●平成20(ワ)6848損害賠償請求事件 著作権「静かなる決闘/羅生門」

 本日は、『平成20(ワ)6848 損害賠償請求事件 著作権 民事訴訟静かなる決闘羅生門」平成21年04月27日 東京地方裁判所』(http://www.courts.go.jp/hanrei/pdf/20090511152740.pdf)について取り上げます。


 本件は、黒澤明監督の映画の著作権を有すると主張する原告が,同映画を収録,複製したDVD商品を海外において製造させ,輸入・販売している被告に対して,被告の輸入行為は原告の著作権(複製権)を侵害する行為とみなされる(著作権法113条1項1号)として,民法709条及び著作権法114条3項に基づく損害賠償等の支払を求め、その請求が認容された事案です。


 本件では、映画の著作権の存続期間の満了時期についての判断が参考になります。


 つまり、東京地裁(民事第29部 裁判長裁判官 清水節、裁判官 坂本三郎、裁判官 松井俊洋)は、


1 争点(1)(本件各映画の著作権の存続期間の満了時期(本件各映画の著作者はだれか))について


(1)映画の著作物の保護期間に関する我が国の法令の概要

 前記第2の1(2)のとおり,本件映画1は昭和24年に,本件映画2は昭和25年にそれぞれ公表されたものであり,新著作権法が施行された昭和46年1月1日より前に公表された映画の著作物である。このような旧著作権法下で公表された映画の著作物の著作権の保護期間に関する我が国の法令の概要は,次のとおりである。

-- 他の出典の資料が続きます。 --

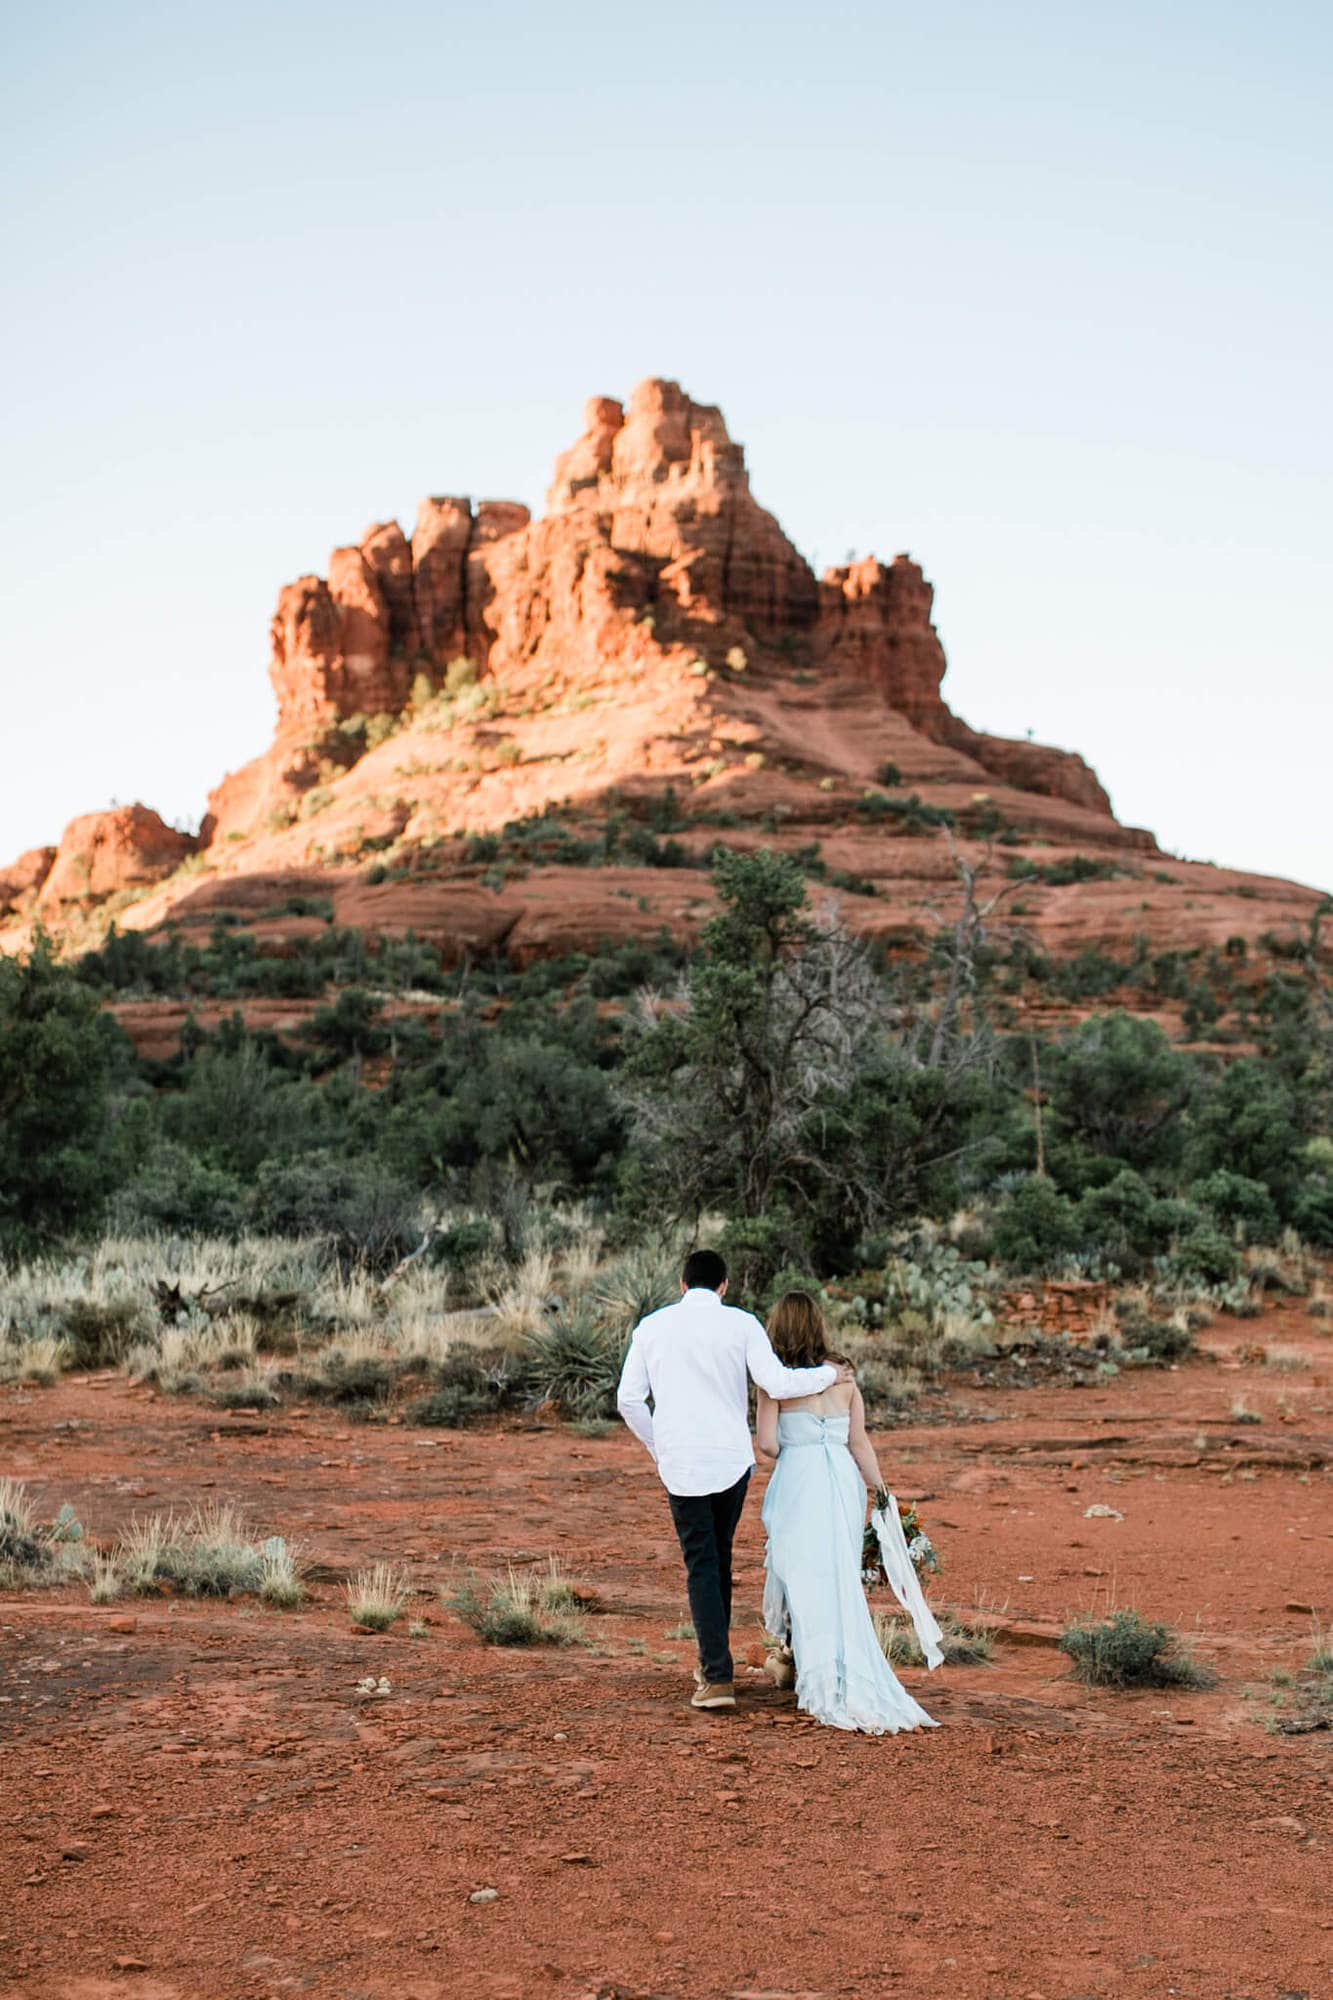 With his arms around her shoulders, the groom and bride walk towards Bell Rock.
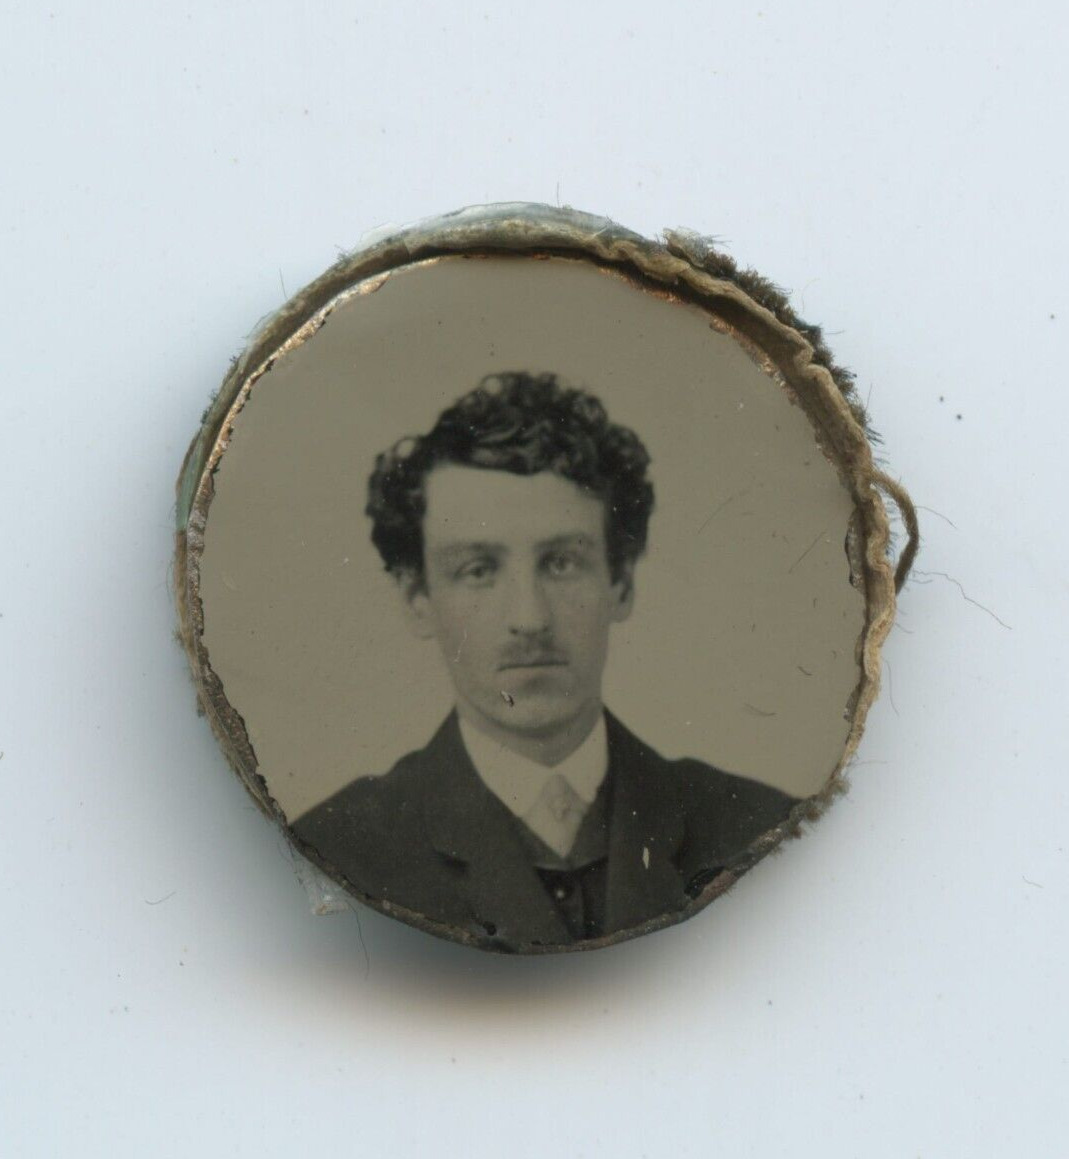 Mini Tintype Mourning Button or Jewelry with Black Striped Fabric on Reverse

ア 前記第2の1(3)のとおり,旧著作権法は,映画の著作物の保護期間を,独創性の有無(22条の3後段)及び著作名義の実名(3条),無名・変名(5条),団体(6条)の別によって別異に扱っていたところ,前記第2の1(2)ウのとおり,本件各映画は独創性を有する映画の著作物であるから,本件各映画の保護期間については,本件各映画の著作名義が監督等の自然人であるとされた場合には,その生存期間及びその死後38年間(3条,52条1項)とされるのに対し,それが団体である映画製作者名義であるとされた場合には,本件各映画の公表(発行又は興行)後33年間(6条,52条2項)とされることになる。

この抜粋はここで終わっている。